One team member may have already taken a step closer to a scarless healing salve. Lorraine Gudas of the Weill Medical College of Cornell University discovered that vitamin A plays an important role in causing one type of cell to differentiate into other cell types, a critical step in regeneration. After a newt limb has been amputated, the amount of vitamin A it is exposed to, for example, will determine if the stump starts regenerating as a whole arm or as an elbow or wrist.

A newt takes six to eight weeks to regenerate a functional limb and a few weeks more to complete a perfect replacement. If humans had the same regenerative capacity, it would probably take a year or more to grow a new arm or leg.

It's this long regeneration time that scientists believe led evolution to favor rapid scar formation in humans and other mammals as a better route to survival in hostile environments. Scars start forming almost immediately after a wound and can be completed in a matter of days or a week or two.

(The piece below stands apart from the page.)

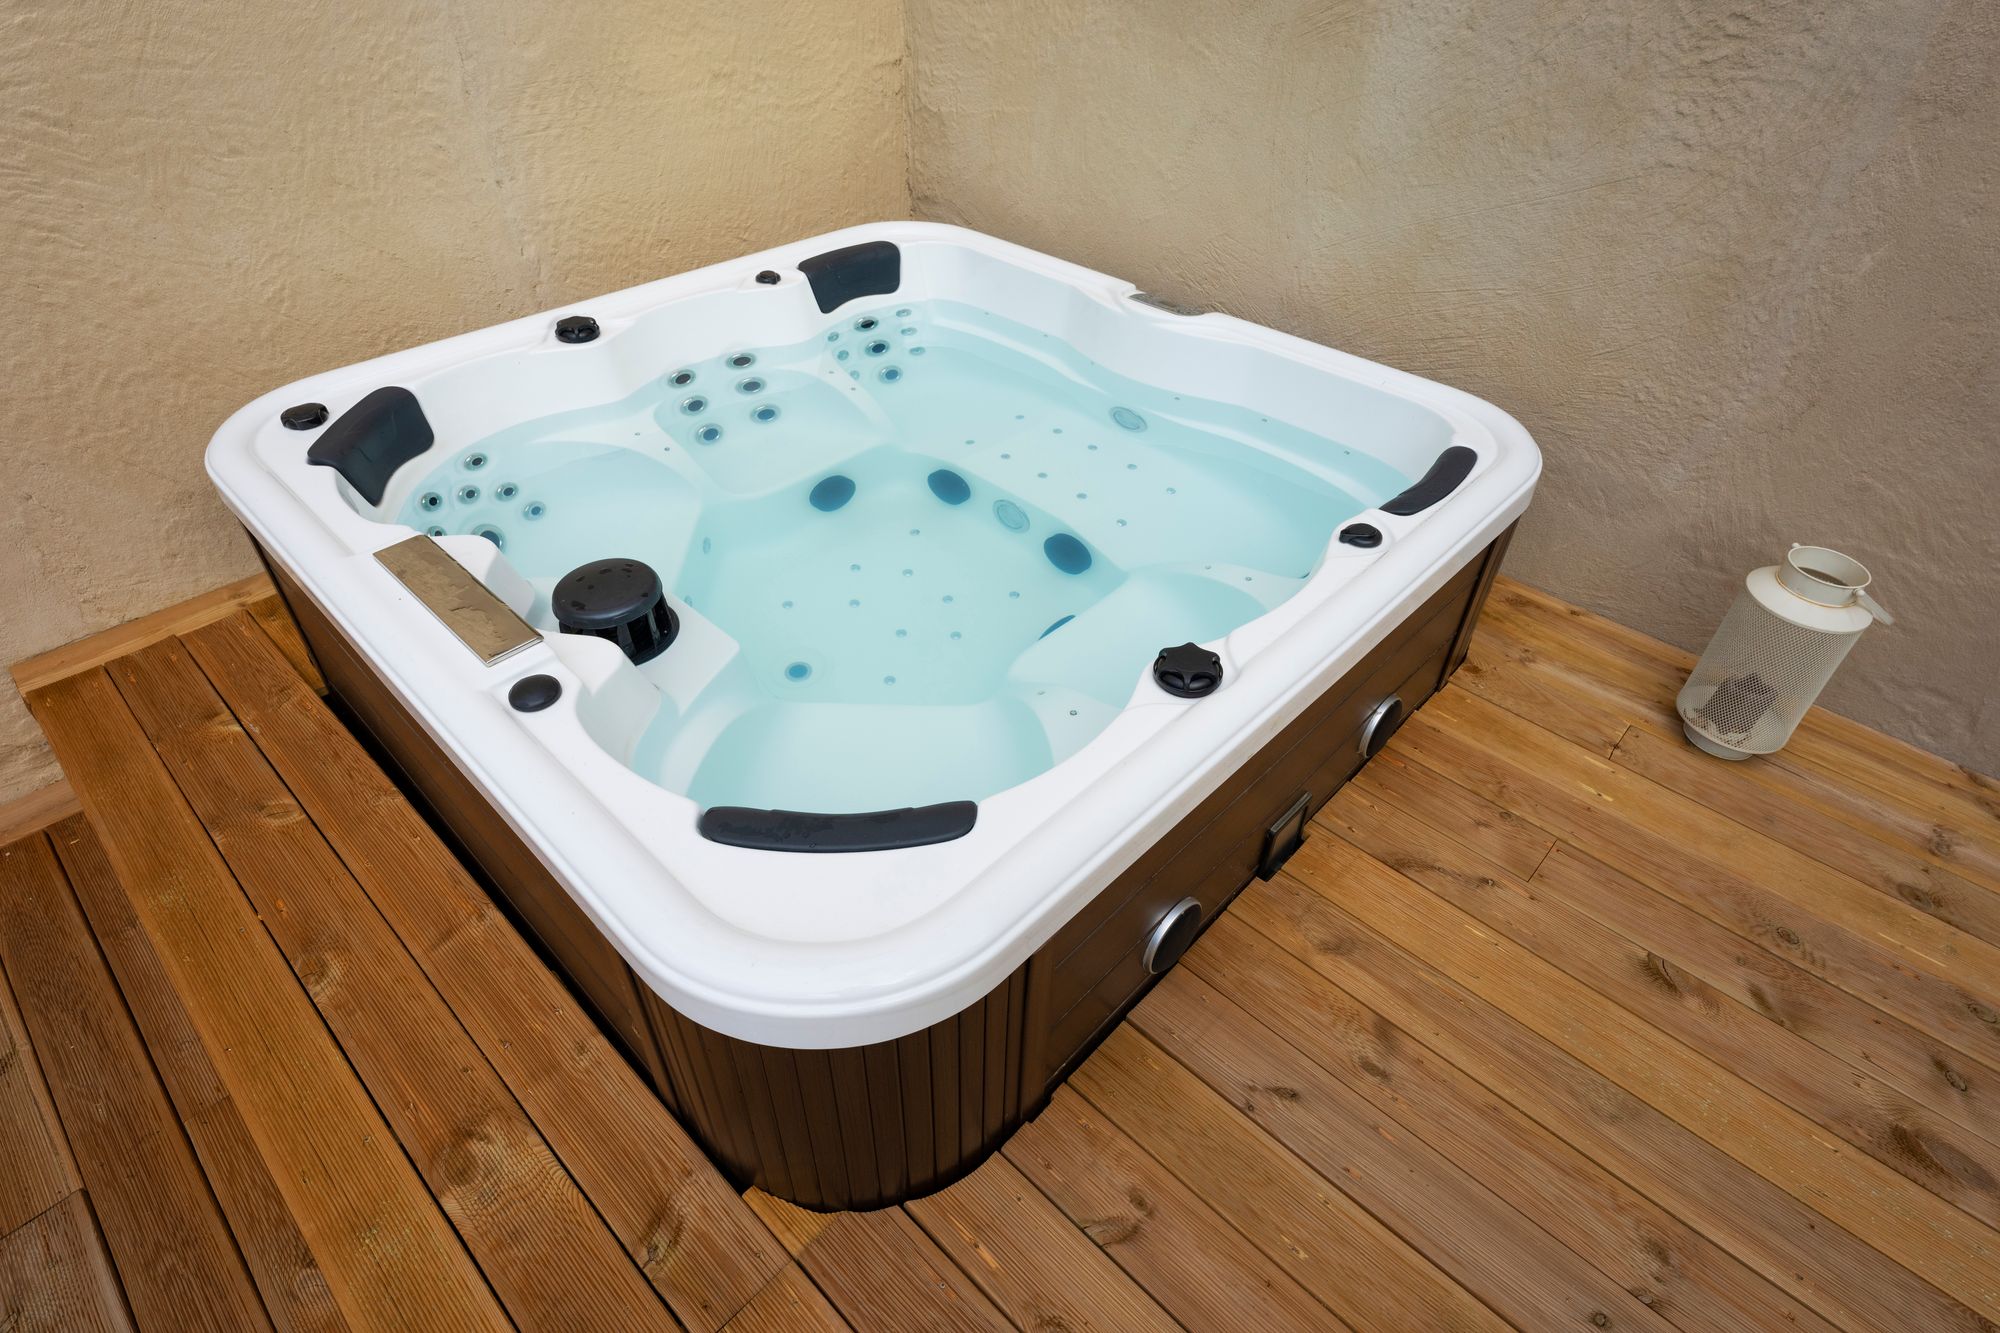 Factors to Consider in Choosing a Hot Tub

"There are more species on Earth that can regenerate lost appendages than those that can't," Simon said. "We humans are more the exception. The idea is to explore what nature came up with in the first place and then try to find out what genes are inactivated in humans and try to reactivate them."

There is also hope that regeneration in humans, if successful, can be speeded up.

So promising has this line of research become that it is opening the door to "the next evolution of medical treatments," according to a new report, "2020: A New Vision--A Future for Regenerative Medicine," by the U.S. Department of Health and Human Services.

"Regenerative medicine, if driven by a cohesive federal initiative, has the opportunity to begin producing complex skin, cartilage and bone substitutes in as little as five years," it said. "Tissue and organ patches, designed to help regenerate damaged tissues and organs such as the heart and kidneys, are within reach in 10 years. Within 20 years, with appropriate federal funding and direction, the goal of 'tissues on demand' is realistic."

The first regenerated bladders have already made a successful appearance. The bladders, made from a patient's own tissue, have functioned for five years in six patients, Wake Forest's Dr. Anthony Atala reported in April.

"Regenerative medicine definitely is the next generation of treatment, going from the hardware kind of medical devices to a living tissue that can grow and repair with the person," said Christine Kelley, director of the division of discovery science and technology at the National Institute of Biomedical Imaging and Bioengineering.

DARPA awarded Badylak's team $3.7 million for the first year, which can grow to $15 million over four years if certain goals are met. A second team, headed by Ken Muneoka of Tulane University, received similar funding. Muneoka's focus is to find ways to prevent scarring.

Badylak said DARPA became interested in regenerative medicine because of the massive increase in the ratio of wounded military personnel. In all wars from the Revolutionary War up to the first Gulf War the ratio of wounded soldiers to those killed was 2.5 to 1. The early '90s saw a dramatic change with the advent of body armor, which protected the torso and head but left arms, legs and neck exposed. In the Afghanistan and Iraq wars the ratio of wounded to dead is 9 to 1.

"They said let's look at something better than developing prosthetic limbs. Let's see if we can take it further," Badylak said.

The two-year goal for the Badylak team is to have a mouse replicate the kind of biological transformation that occurs in a salamander at the site of an amputation called a blastema. In a blastema, cells in the stump are converted into progenitor cells, which go on to make bone, skin, nerves and other structures that form a new limb.

The four-year goal is to basically have a mouse regenerate a finger. "If we can do that, then I think we are well on the road to understanding how to regrow appendages," Badylak said.